The amount and type of information to be monitored will vary based on the funding source and jurisdiction. Local funding sources may require detailed reports of expenditures. In some cases, each bus pass, gas voucher, dial-a-ride passenger, etc. must be tracked back to the appropriate subsidized program and funding source. Data tracking may mean different things to different organizations, and the amount of information that can realistically be collected must be carefully evaluated.
The Job Access Guidance, released in December 1998 and developed by the U.S. Departments of Labor, Health & Human Services and Transportation, provides clarification as to the level of detail required for data tracking and reporting purposes. Prior to the December 1998 Guidance, it was unclear whether a State would be penalized or forced to return TANF dollars allocated to a program or service if it overestimated participating TANF eligible individuals. As a result, communities were reluctant to invest in transportation services for fear funding would not cover committed expenses. The Job Access Guidance explains that after the program/service start-up period, original estimates must be re-evaluated at least annually, and prospectively adjusted as needed; however, changes in funding levels will only affect future years.

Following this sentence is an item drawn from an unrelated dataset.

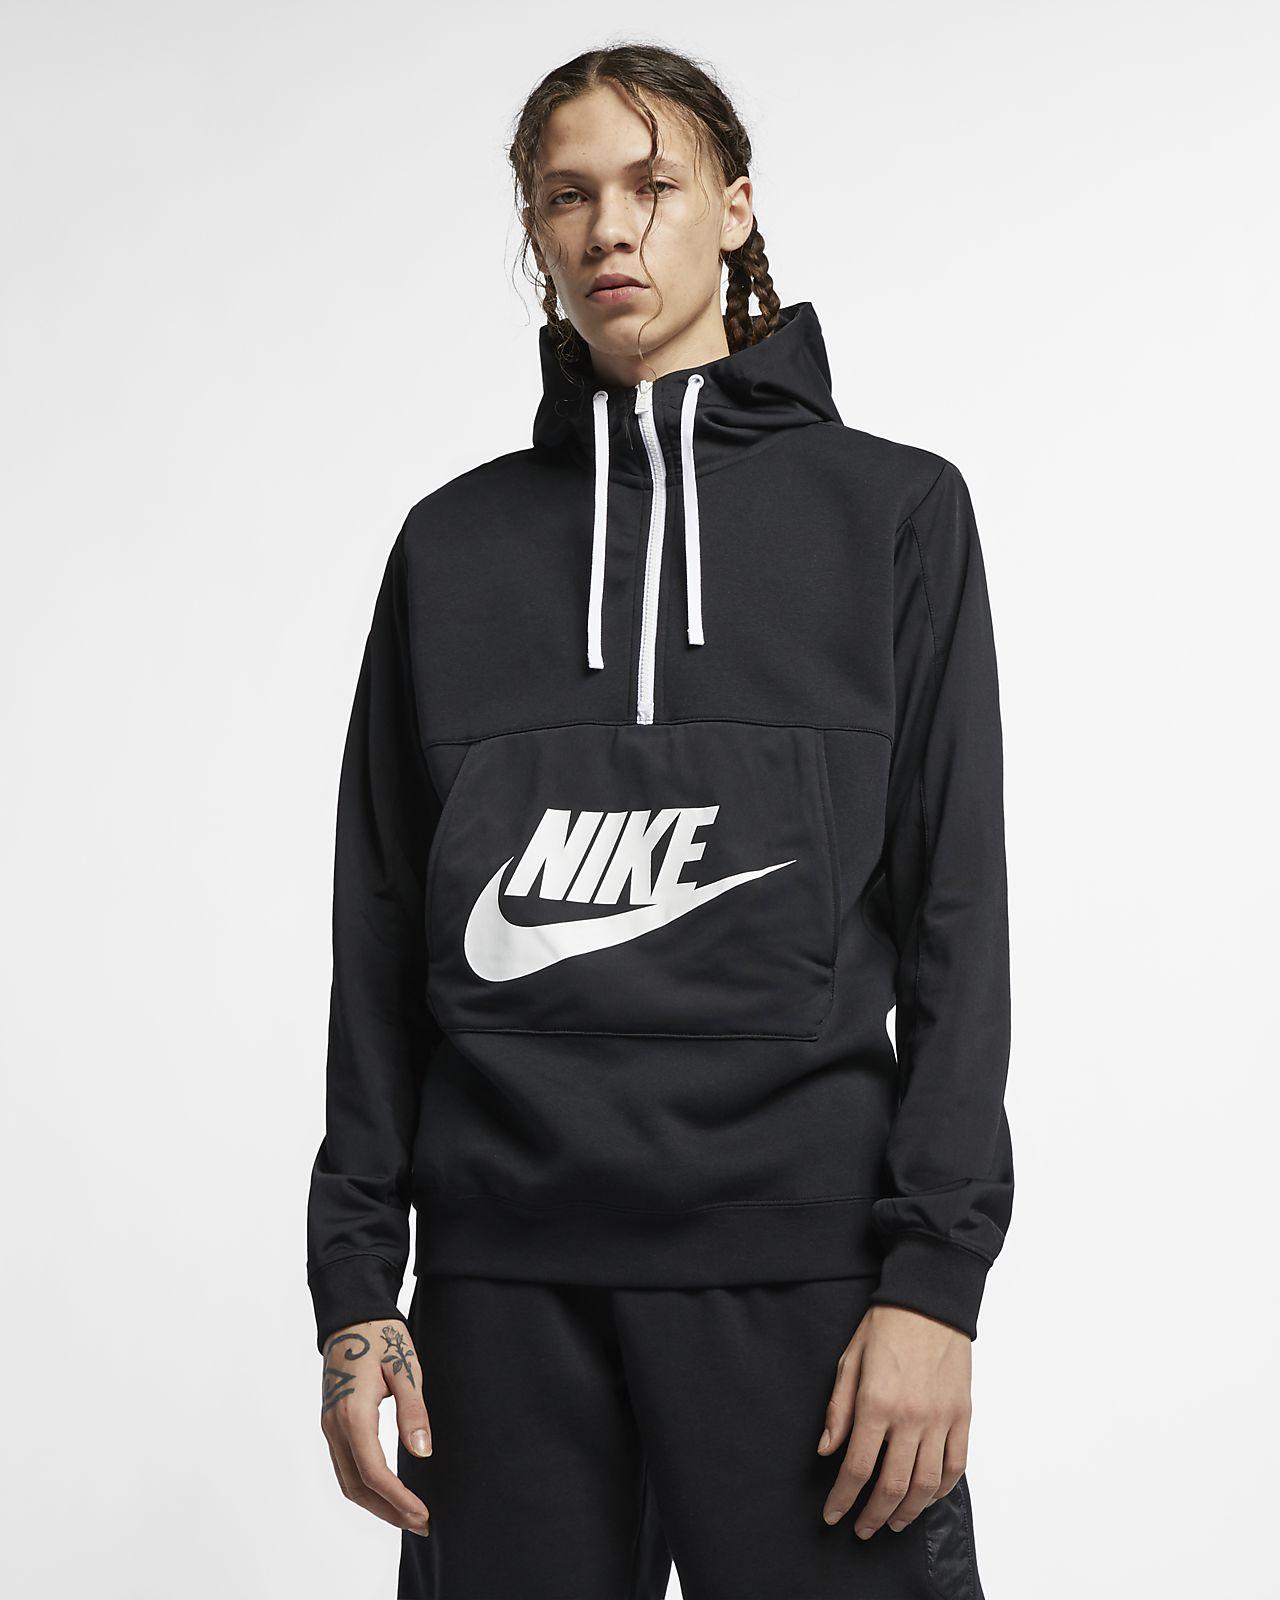 Nike Sportswear hettejakke med glidelås i halv lengde til herre

Any TANF funds used in a project after the start-up period (if applicable) must be based on a current estimate. TANF agencies may use sampling to arrive at a new estimate relieving administering agencies of the difficulty in tracking information regarding each passenger or individual.
The Administration for Children and Families (ACF) has published a final rule that governs key provisions of the TANF program (http://www.acf.dhhs.gov/programs/ofa/
). It incorporates the core TANF accountability provisions, including work requirements, time limits, State penalties, and data collection and reporting requirements. The final TANF rules regarding transportation do not "tick" a recipient's 60 month eligibility clock. Also available at the ACF web site is "A Guide on Funding Services for Children and Families Through the TANF Program" (http://www.acf.dhhs.gov/programs/ofa/funds2.htm
) that can assist planners and administrators understand how these provisions may be applied to their programs and services.